Вдруг стук утих. Послышался голос диктора: «Внимание! Внимание! Граждане, район подвергается артиллерийскому обстрелу. Движение транспорта приостановить, населению укрыться».
На улице завыла сирена. Звуки ее заполнили воздух, сердце.
Человек в штатском взглянул на генерала. Трушкин, словно ничего не замечая, продолжал вручать награды. Казалось, он думал: «Не удивляйтесь, уважаемый. Под какую музыку заслужили награды, под такую и получайте их».
Каждый раз, когда я подходил к столу за получением награды, мне хотелось сказать большое и искреннее спасибо правительству и партии, но слова застревали в горле, и я говорил обычную фразу: «Буду драться с врагами так, чтобы оправдать эту награду».
Выйдя во двор, я не нашел своих товарищей. Пройдя через пустырь, прилегающий к Дому культуры, я вышел на Новосивковскую улицу, заполненную дымом и красной пылью. Мимо меня пробегали женщины и дети, они что-то на бегу кричали, махали руками, но их голоса терялись в грохоте взрывов.
Я стоял под аркой дома, плотно прижавшись к стене, чтобы взрывная волна не выбросила на мостовую. Вдруг кто-то сзади тронул меня за руку. Оглянувшись, я увидел женщину, с ног до головы покрытую кирпичной пылью. В ее спокойных глазах не было страха. Она неторопливо сказала:
— Пройдите, товарищ, в укрытие, вот сюда.
Спустившись на несколько ступенек, я открыл обшитую железом дверь и вошел в довольно просторный подвал, уже обжитый людьми. Горел фонарь, справа вдоль стены стояли кровати — большие и маленькие, столы, лежали чемоданы, узлы. У стены слева — две печки-времянки и кухонные столики. Около двери дощатый топчан, покрытый белой клеенкой, тумбочка с аптечкой, — по-видимому, это был уголок медпункта.
На стене против двери крупными черными буквами было написано: «Смерть фашизму!» Середину подвала занимал пожарный пост: объемистый дощатый ящик с песком, две бочки, наполненные водой, противопожарный инструмент — багры, лопаты.
Ко мне подошла старушка. На правой руке ее стеганки повязка с надписью: «Дежурная».

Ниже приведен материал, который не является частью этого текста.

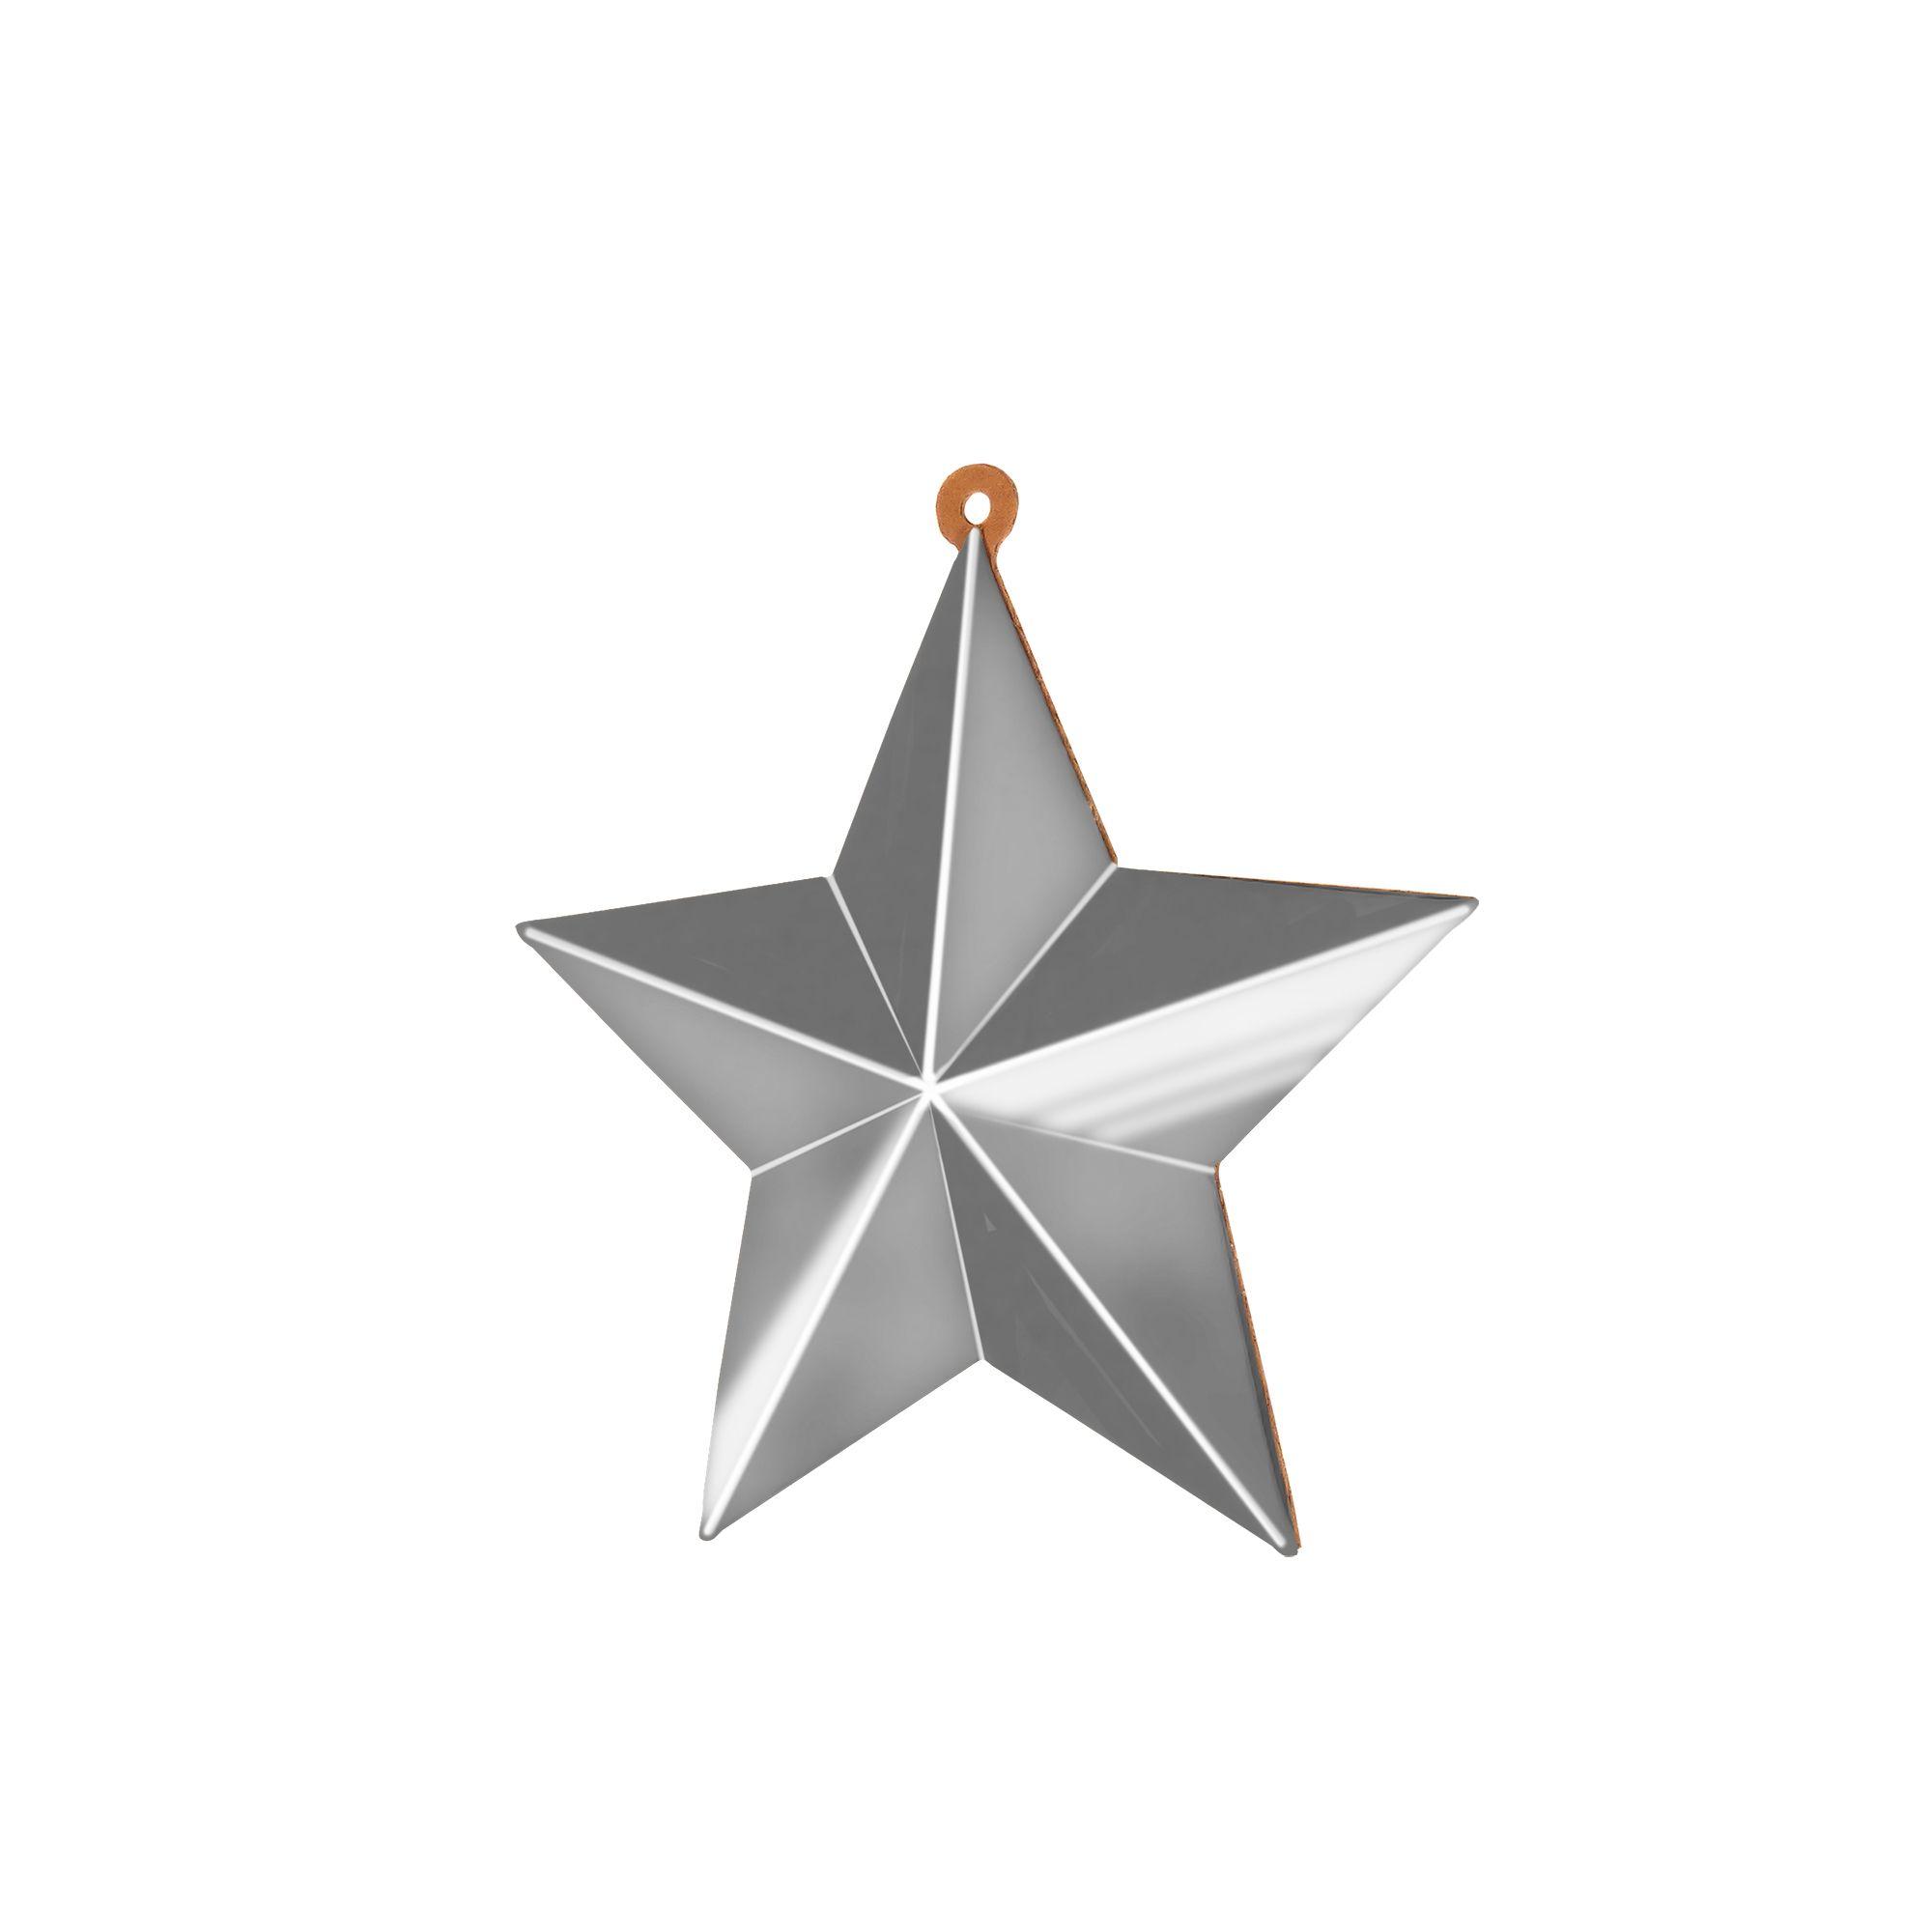 Stella Di Natale Tridimensionale.Stella Di Natale 3d M A003116 Cardboard Christmas Star

— Вот и вас бог занес к нам, — ласково сказала она. Вдруг с шумом распахнулась входная дверь, еще с порога повелительный голос крикнул:
— Тетя Паша! Зови доктора.
Две женщины внесли на носилках девочку лет одиннадцати-двенадцати, всю в крови… Она все время стонала и звала мать:
— Мама, где ты, дай руку, мне больно.
Девочка поворачивала то в одну, то в другую сторону русую головку, обводя нас мутным взглядом. Врач, сухонький, весь беленький, вошел в подвал через запасной ход. Он сделал раненой укол и попросил меня переложить девочку с носилок на топчан. Я осторожно взял ее на руки. Девочка едва приметно вздрогнула и попросила воды.

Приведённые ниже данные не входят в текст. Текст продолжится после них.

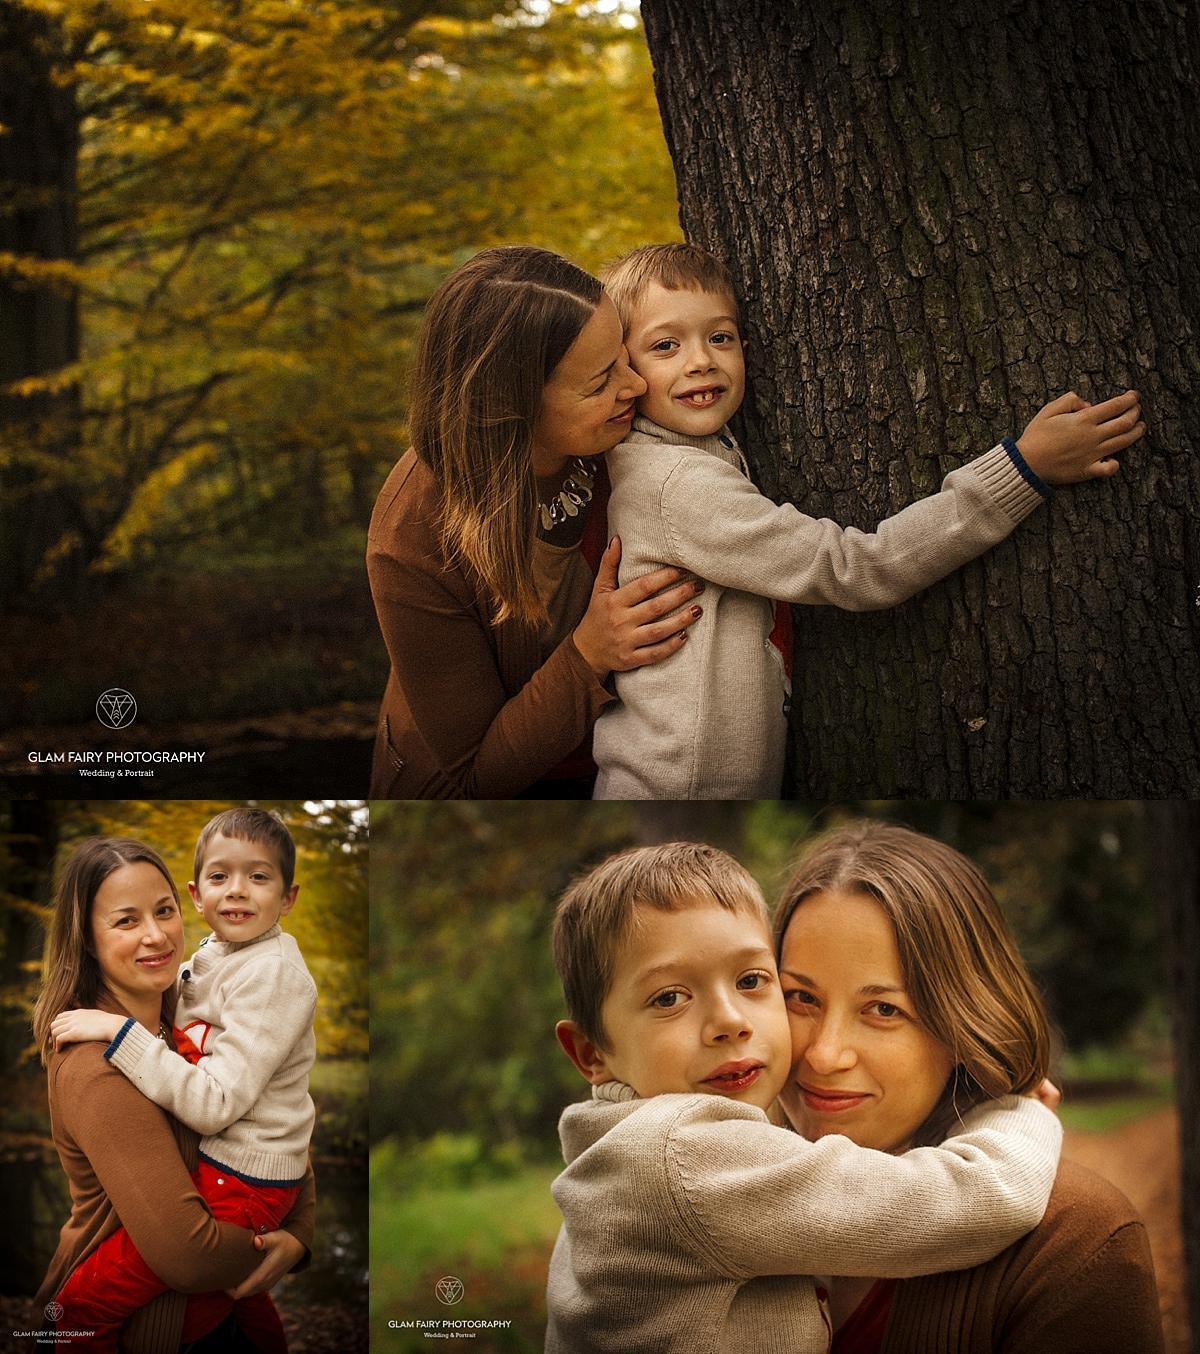 GlamFairyPhotography-mini-session-en-famille-a-vincennes-cecile_0006
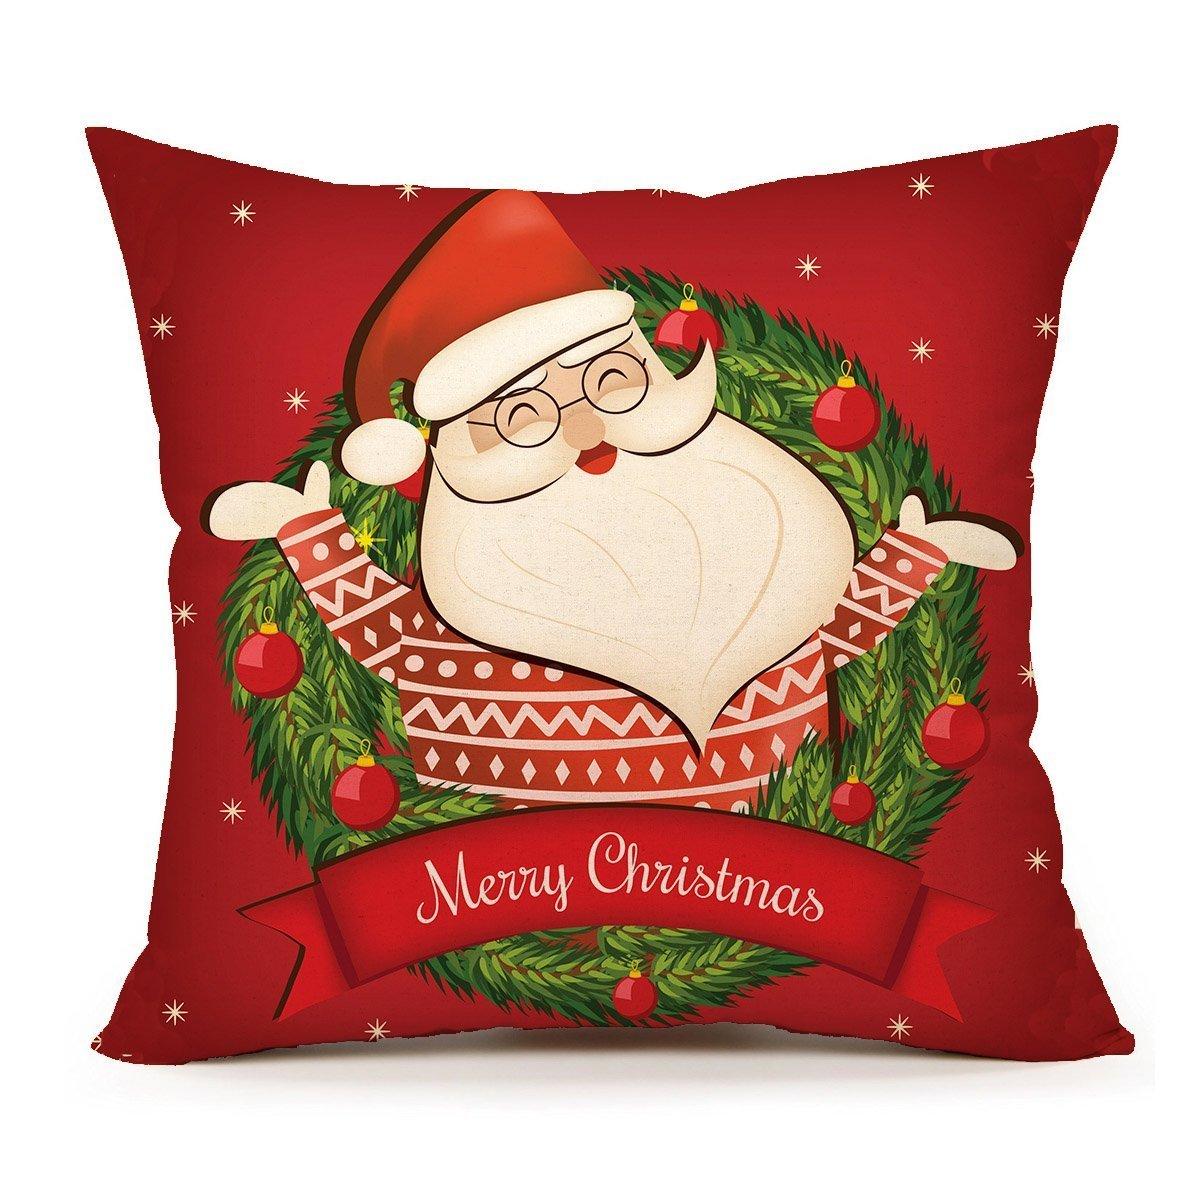 spxubzレッドサンタクロースクリスマス( Smile )枕カバー装飾ホーム装飾素敵なギフトスクエアインドア/アウトドア枕カバーサイズ: 18 x 18インチ(両面) 20x20 Inch B07CGN99SN

Врач стал накладывать уже ненужную повязку… Через несколько минут девочка умерла. Тетя Паша сложила тоненькие детские руки на груди умершей, связала их кусочком марли и трижды перекрестила.
Душно стало в подвале, не хватало воздуха. Я вышел во двор. Артиллерийский обстрел прекратился. Стояла изумительная тишина. От Нарвских ворот в сторону фронта отошел одинокий трамвайный вагон. Он шел медленно, постукивая колесами на стыках рельсов.
Я постоял некоторое время у Дома культуры, поджидая товарищей, но ни Акимов, ни Андреев не появлялись. Перед моими глазами все еще стоял образ погибшего ребенка. Смерть девочки с русой головкой живо напомнила мне гибель моего старшего сына Вити. Мне до безумия хотелось пойти к моему осиротевшему Володеньке, побыть с ним вместе хотя одну минуту, но у меня не было отдельного увольнительного удостоверения, и я вынужден был с горечью в сердце отказаться от этой мысли. Постоял еще несколько минут на углу Нарвского проспекта и пошел пешком на фронт.